Embodiments of the present invention will be described below with reference to the drawings. FIG. 1 shows a method for producing rice husk compost of the present invention. First, rice husks are coarsely crushed while being heated, and soft swelled by heating, to which gram-negative bacteria (Flavobacterium) and lactic acid bacteria (Stremyces), which are high-temperature fermenting bacteria, are added and subjected to primary fermentation. In addition, miscellaneous materials such as weeds and bushes are temporarily fermented by adding Gram-negative bacteria (Flavobacterium) after cutting. This rice husk and miscellaneous materials, which have been temporarily fermented, are mixed and mixed with amino acids and protein-degrading bacteria such as acetic acid bacteria (Acetobacter) and mold (Bacillu).
s), Gram-negative bacteria (Flavobacterium) and actinomycetes (Streptomyces t
hermovulgaris), fungi (Mucor pusillus), fungi (Hu
micola langunosa) and white rot fungus, which is a lignin-caisan decomposing fungus. After that, in the stacking chamber, the turning operation was performed once or twice, and the stacking and secondary fermentation were performed for several months.
Create rice husk compost. It is an effective fungus for this rice husk compost
VA mycorrhizal fungi (Versicle Arbuscule) and rhizobia (Hakteroito)
The mixture is stirred and dried at a low temperature to remove water appropriately and packed in a bag to produce a rice husk compost product.

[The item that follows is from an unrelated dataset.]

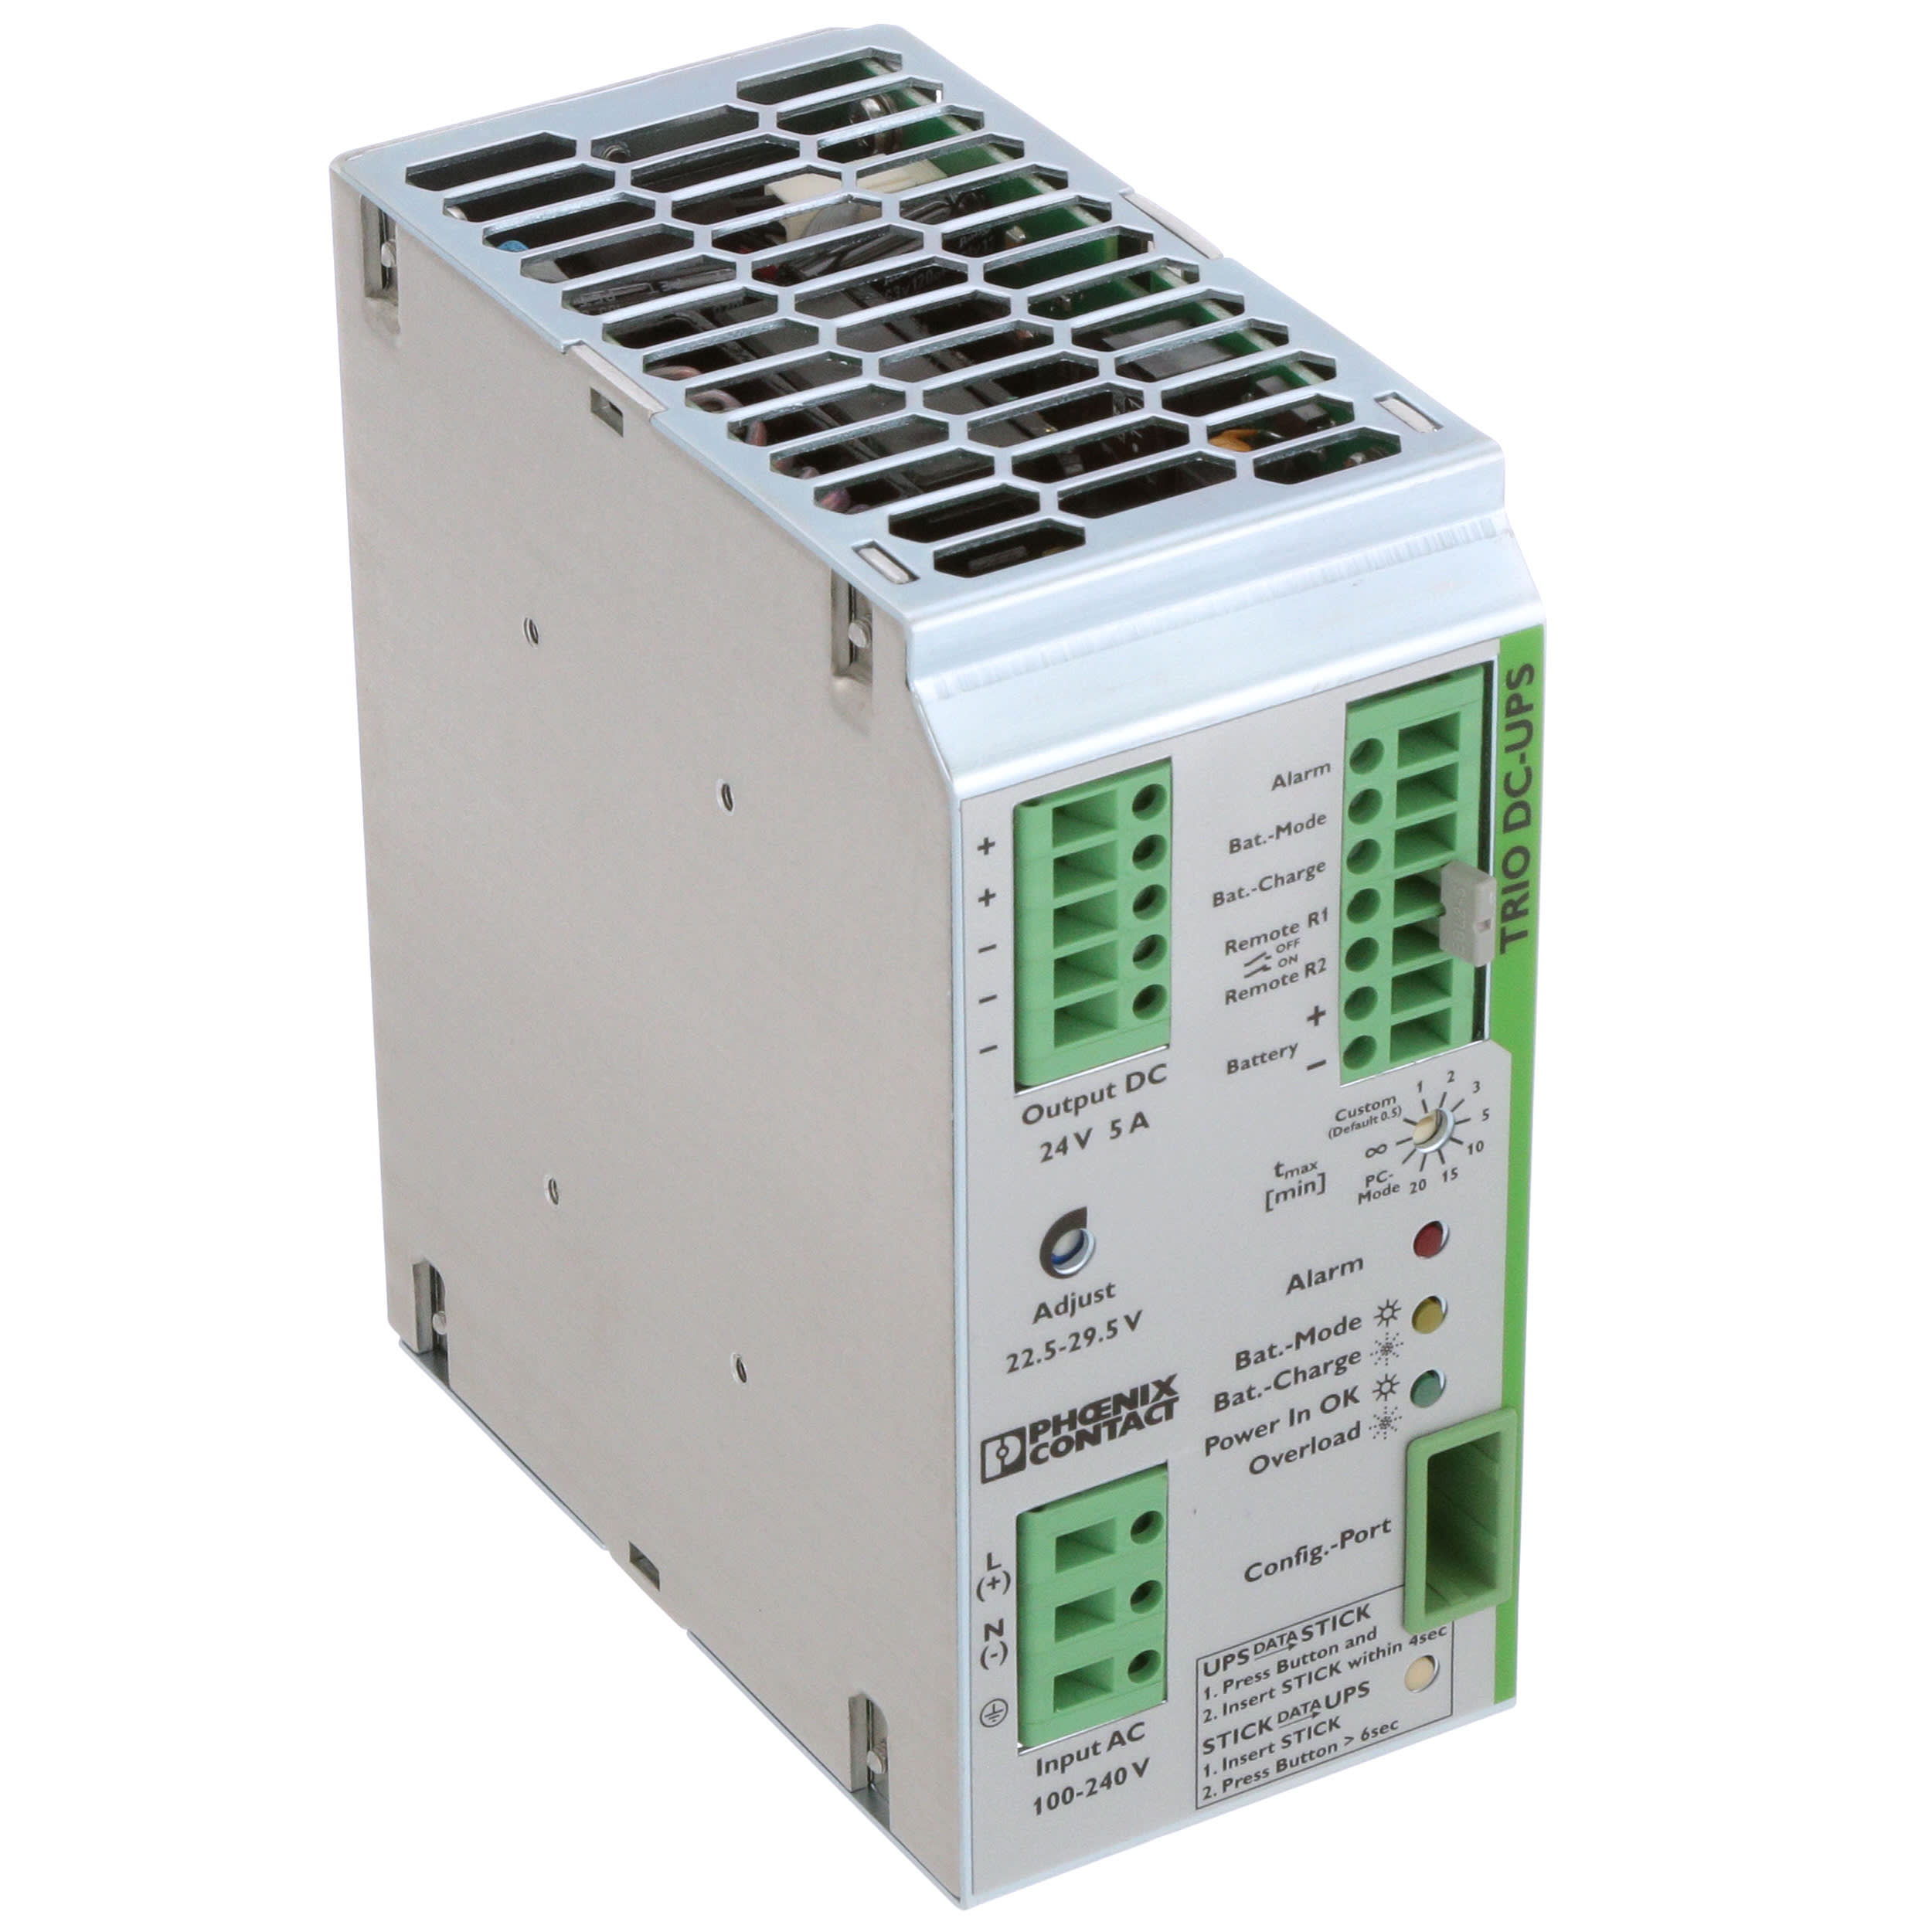 New Phoenix Contact 2866611 TRIO-UPS//1AC//24DC//5 Uninterruptible Power Supply

[0009] Here, the properties and effects of the VA mycorrhizal fungi and rhizobia, which are effective bacteria, will be described. First, VA mycorrhizal fungi are a class of lower molds called algal fungi. Although it cannot coexist with the roots of aquatic plants, it coexists with almost all terrestrial wild herbaceous plants and trees except for plants of the family Brassicaceae, Brassicaceae and Cyperaceae. Hyphae that germinated from spores in the soil
Unlike ectomycorrhizal fungi, without wrapping thorns on the root surface,
It enters the root and invades the cell skin of the root skin. One end of the hypha pushes the cell wall of the root skin cell inward, and elongates a dendritic state in which the tip of the mycelium branches like a tree branch. The dendritic mycelium is not an endomycorrhizal fungus because it is outside the dented cell wall. The other end of the hypha swells in the intercellular space,
It forms a cystic (vesicular) body.

[0010] A large number of mycelia grow from the root surface to 7-8 cm in the soil.
The total length of mycelium per cm of root is 1 m.
A large number of mycelia cross the phosphate-deficient zone formed around the root and collect available phosphate at low concentrations far away from the root. Phosphoric acid carried in the mycelium is passed to plants as dendrites, and the plants receive organic substances such as sugars. The organic matter that has settled in the mycelium becomes fat grains, but when the nutrients in the mycelium are sufficiently accumulated, a sac is formed and fat is stored therein.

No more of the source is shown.